HRU was assessed for each cohort during the study period including the following categories: the number of (1) IP admissions, (2) emergency room (ER) visits, (3) outpatient (OP) visits, and (4) other medical services (e.g., laboratory, radiology, and other ancillary services). HRU was compared using unadjusted and adjusted incidence rate ratios (IRRs), estimated using Poisson regressions. Multivariate Poisson regressions adjusted for potential confounding factors, including the following list of covariates: age, gender, region of residence, type of health plan, data source (Truven Health Analytics MarketScan vs IMS LifeLink Health Plan), TKI prescription fill on the index date (imatinib, nilotinib, or dasatinib), year of the index date, CML severity (mild, moderate, or severe), baseline HRU (IP admissions, ER visits, OP visits, and other medical services), and CML-related comorbidities (cytopenias and other non-hematologic events).
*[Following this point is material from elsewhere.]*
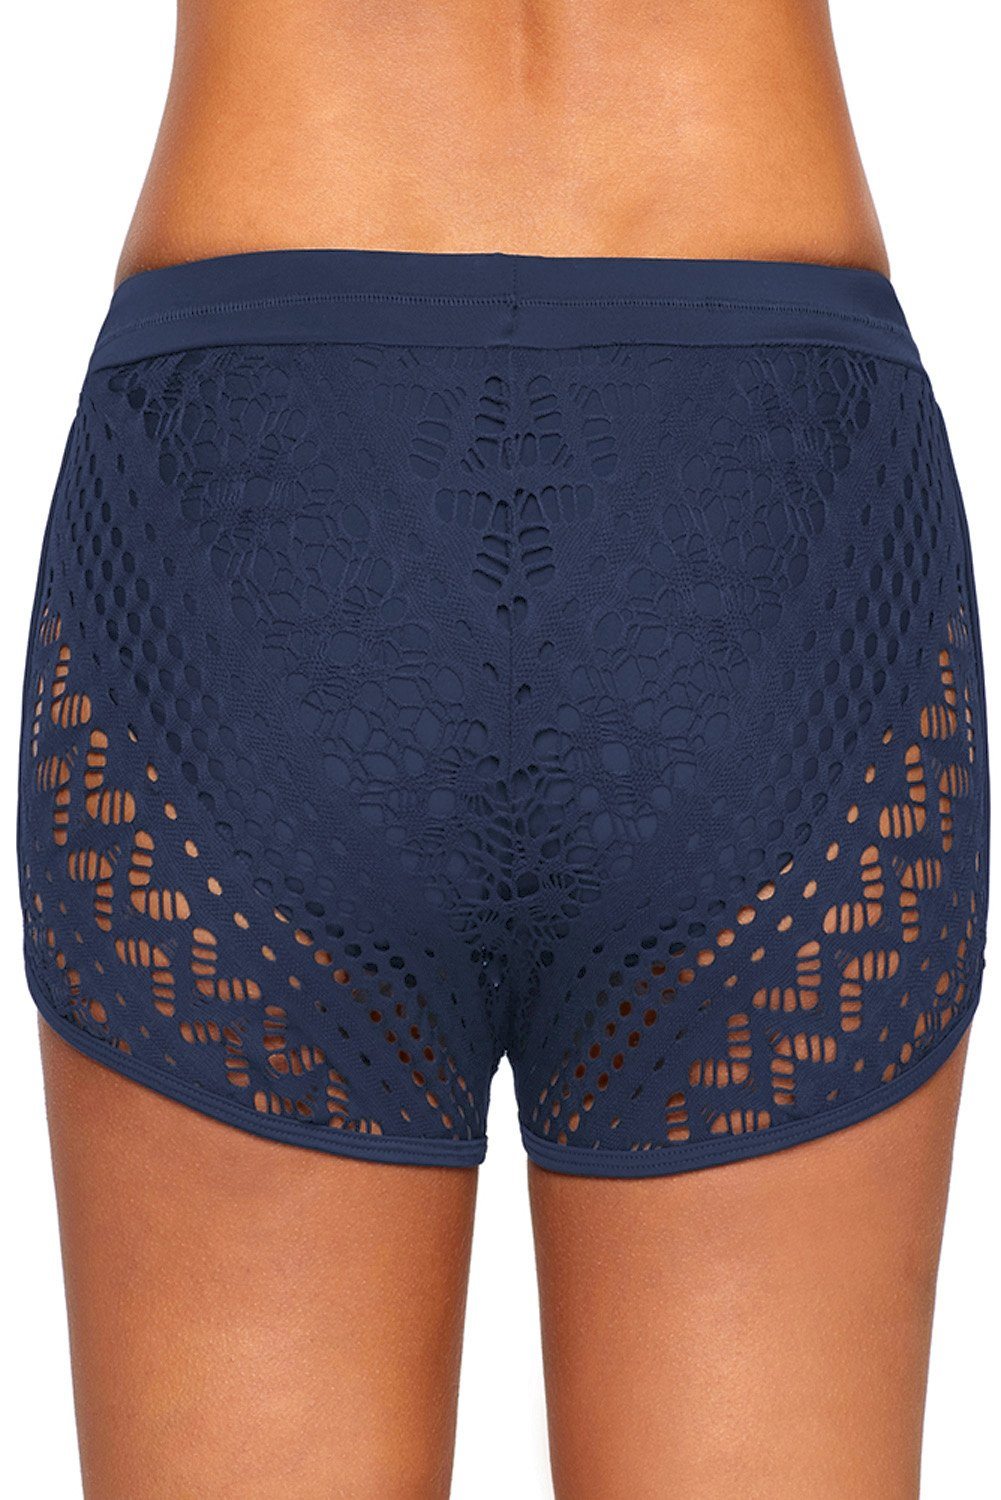 Women Navy Blue Slim Fitted Wide Waistband Low Rise Crochet Swim Shorts Trunks Bottoms - KaleaBoutique.com

Medical service costs were measured from a managed care perspective and were inflation-adjusted to 2012 USD, using the CPI medical component. Cost categories analyzed included: IP costs, ER visit costs, OP visit costs, other medical service costs, pharmacy costs, medical costs (the sum of IP, OP, ER, and other medical services), and total medical service costs (the sum of medical costs and pharmacy costs).

Progression-related IP costs were defined as the costs of IP admissions with a diagnosis of acute myeloid leukemia or acute lymphoid leukemia, and/or having chemotherapies during hospitalization or 30 days within hospital discharge.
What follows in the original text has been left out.